On Wed, Mar 30, 2022 at 04:58:03PM -0400, Vivek Goyal wrote:
> On Tue, Mar 29, 2022 at 12:35:07PM +0200, Christian Brauner wrote:
> > From: "Christian Brauner (Microsoft)" <brauner@kernel.org>
> > 
> > Hey,
> > 
> > This adds support for mounting overlay on top of idmapped layers.
> > 
> > I have to start by saying a massive thank you to Amir! He did not just
> > answer my constant overlay questions but also provided quite a few
> > patches himself in this series in addition to reviews, comments and a
> > lot of suggestions. Thank you!
> > 
> > There have been a lot of requests to unblock this. For just a few select
> > examples see [3], [4], and [5]. I've worked closely with various
> > communities among them containerd, Kubernetes, Podman, LXD, runC, crun,
> > and systemd (For the curious please see the various pull-request and
> > issues below.) a lot of them already support idmapped mounts since they
> > are enabled for btrfs, ext4, and xfs (and f2fs and fat fwiw).

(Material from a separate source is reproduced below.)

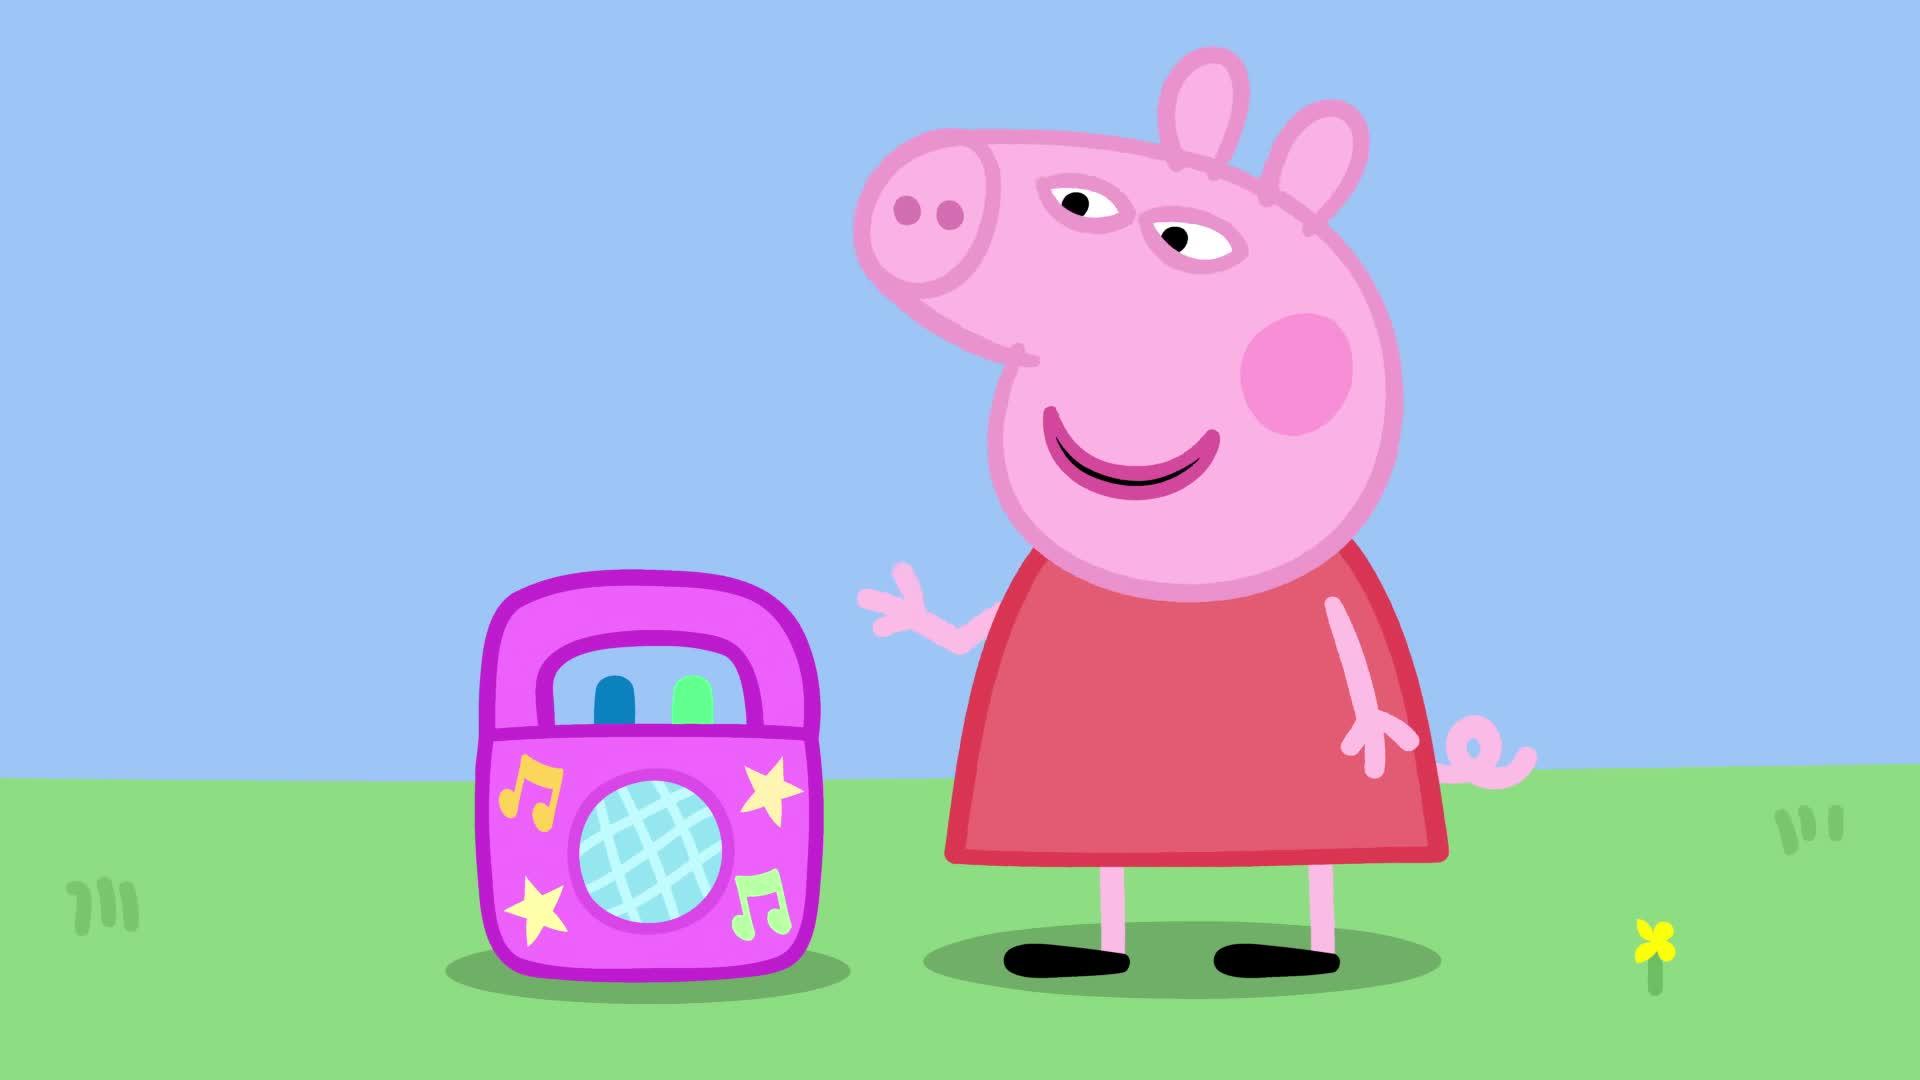 Peppa Pig English Episodes Dancing Compilation New 2017 Peppa Pig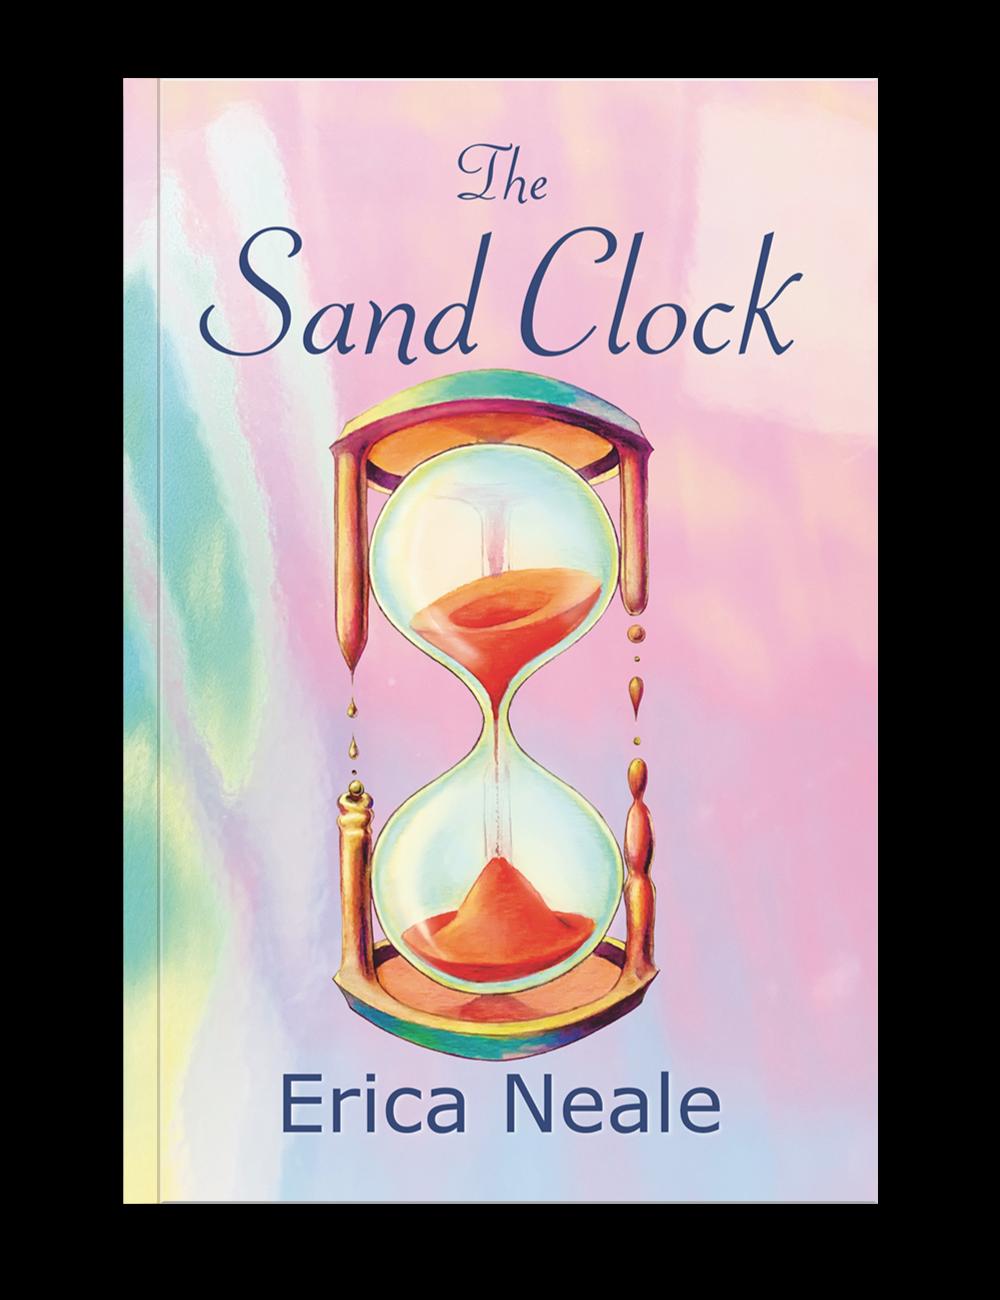 The Sand Clock

In
> > additon, a few colleagues at Microsoft and from Red Hat work on a
> > Kubernetes Enhancement Proposals (KEP) that also relies on overlayfs
> > supporting idmapped layers, see [12].
> > 
> > Overlayfs on top of idmapped layers will be used in various ways:
> > 
> > * Container managers use overlayfs to efficiently share layers between
> >   containers. However, this only works for privileged containers.
> >   Layers cannot be shared if both privileged and unprivileged containers
> >   are used. Layers can also not be shared if non-overlapping idmappings
> >   are used for unprivileged containers. Layers cannot be shared because
> >   of the conflicting ownership requirements between the containers.
> 
> Hi Christian,
> 
> Thank you for this work. This is awesome.

Thanks for saying that! Appreciate it.

> 
> Wanted to test it. I was wondering how to test it. Some simple
> instructions will help.

Of course. There are various ways:

1. Giuseppe has already put up support the containers/storage go library:
   https://github.com/containers/storage/pull/1180
   and he's been running workloads with that branch. If you're familiar
   with that tooling you can just use that.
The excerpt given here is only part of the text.